Designing alerts that fire when they should — and only when they should
Alert fatigue is the easiest way to miss a real outage. Three classes, owner rule, and the rule of thumb that's saved more on-calls than coffee.
The 4,200 alerts nobody read
A team I knew had a Slack channel called #data-alerts. It got 4,200 messages a week. Most were noise — a single null in a column that allowed nulls, a query 1 second slower than the SLA, a backfill that took 11% longer.
The channel was muted within a month of every new joiner. When a real outage hit — fct_orders was empty for 3 hours during the morning load — nobody noticed. The channel had been delivering 600 alerts/day; the empty-table alert was one of them.
The fix is fewer, sharper alerts with named owners. Three classes per critical table; everything else is a dashboard, not a page. Today, that.
Three alert classes per critical table — that's it.
- Freshness — the table has been updated within its SLO.
MAX(loaded_at)more than N hours old → page. The single most useful alert in data engineering. - Volume — today's row count is within historical band. MAD-based check (median + N*MAD) over the last 30 days. Catches both sudden drops (pipeline broken) and sudden spikes (bot traffic, duplicate insert).
- Schema drift — no unexpected column rename, removal, or type change. Compare today's
information_schema.columnsto yesterday's; alert on diff.
Nothing else fires alerts. Other checks (null rate, value distribution, business invariants) live on a dashboard — visible, monitored, but not paging.
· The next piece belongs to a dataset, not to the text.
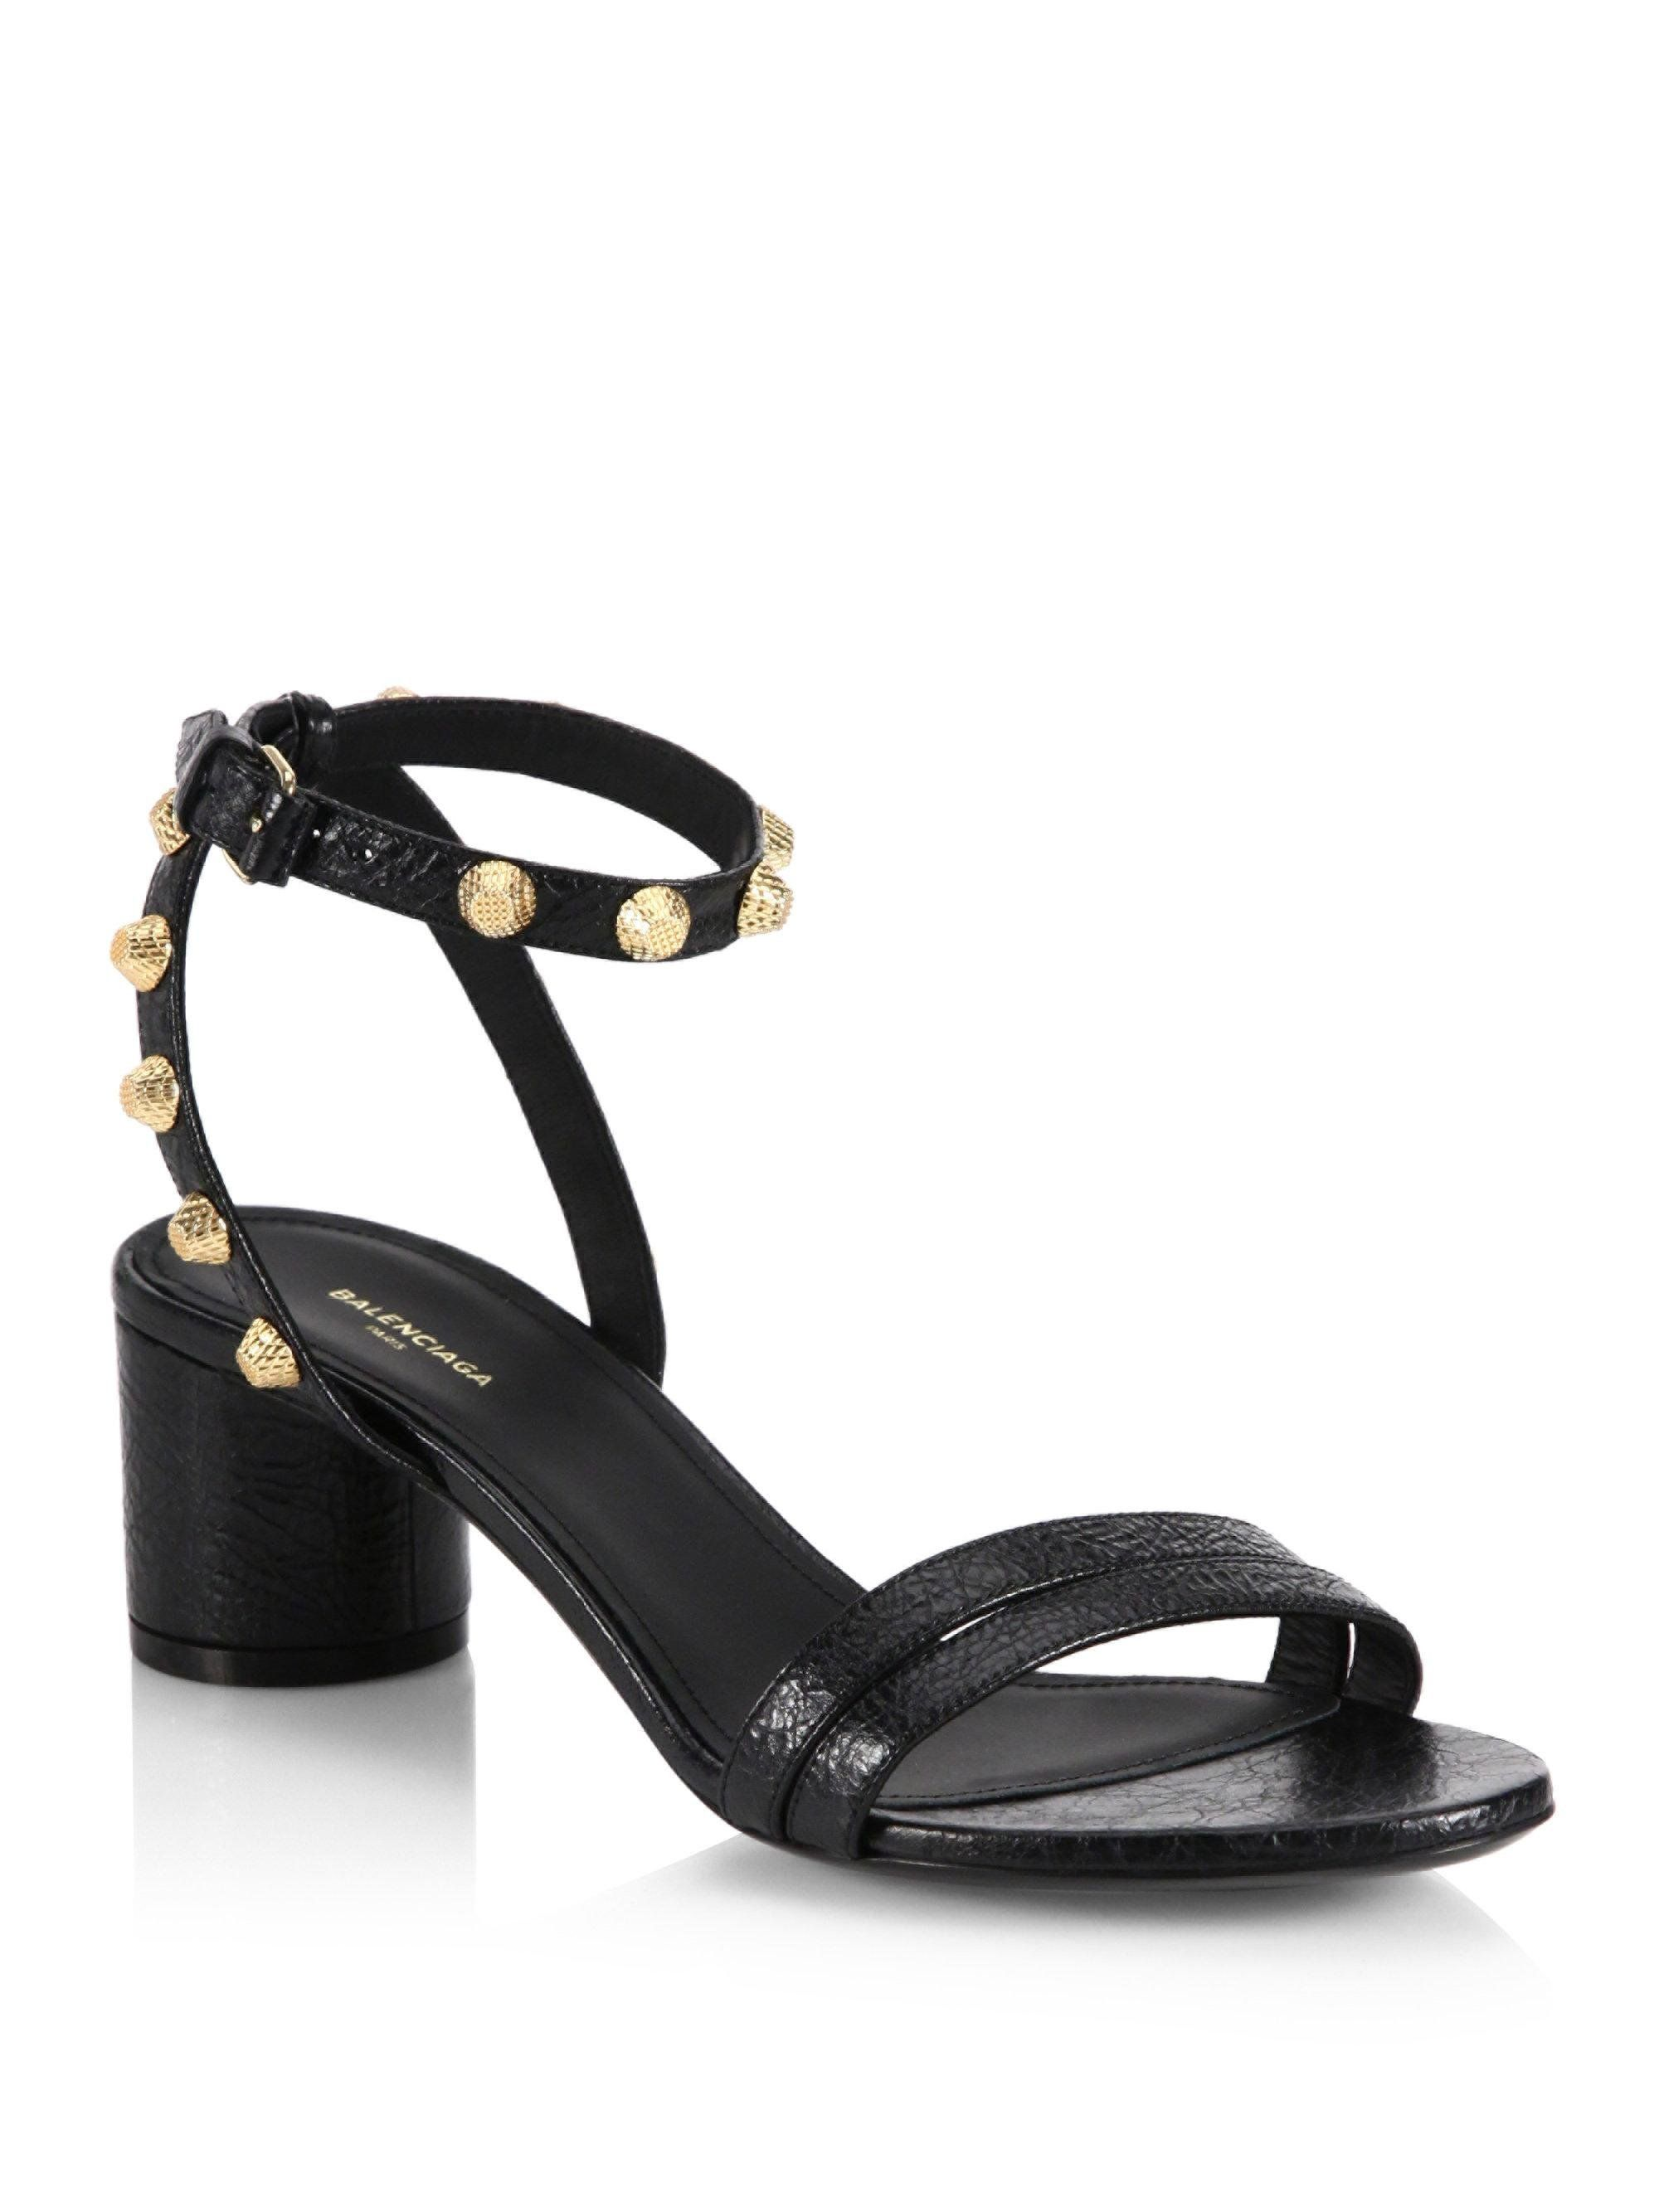 6a5ffdd3344 Balenciaga Leather Block Heel Studded Sandals

Three classes, three populations
┌─────────┐
│ PAGE │ ◄ wakes the owner.
│ │ ~5/week per critical table.
└─────────┘ freshness, volume, schema drift.
┌──────────────┐
│ WARN │ ◄ Slack ping to the owner.
│ │ ~30/week.
└──────────────┘ p95 latency, slow queries, retries.
┌────────────────────────┐
│ INFO (dashboard) │ ◄ no notification.
│ │ hundreds of checks.
│ │ null rates, distributions,
└────────────────────────┘ business invariants.
4 200/week alerts in one Slack channel = no alerts. The pyramid above — about 5 pages, 30 warns, the rest on a dashboard — is what a healthy on-call looks like. Promote a check from INFO to WARN to PAGE only when you'd actually want to be woken up for it.
The owner rule
Every table has one named owner — a human (or a small team alias). The owner's name is in:
- The alert routing — pages go to the owner's pager, not a shared channel.
- The dbt model description —
meta: { owner: 'analytics-platform' }. - The runbook.
Why one owner. Two people sharing on-call for the same table reliably becomes zero people. The bystander effect, applied to your data platform. If two teams genuinely share a table, define a primary and a secondary; the primary pages, the secondary backs up.
Implement a freshness check. The fixture's `orders` table has a `created_at`. Compute the age of the most recent row in hours (`age_hours`) and a flag `is_stale` set to true if older than 24 hours. (Note: the fixture data is from March/April 2024, so `is_stale` will be `true` against any current `now()`.) Return one row, two columns.
Takeaway: three alert classes per critical table — freshness, volume, schema drift. Every table has one named owner. Everything else is a dashboard. The shared #data-alerts channel is the anti-pattern. Fewer, sharper, owned alerts beat 4,200 a week.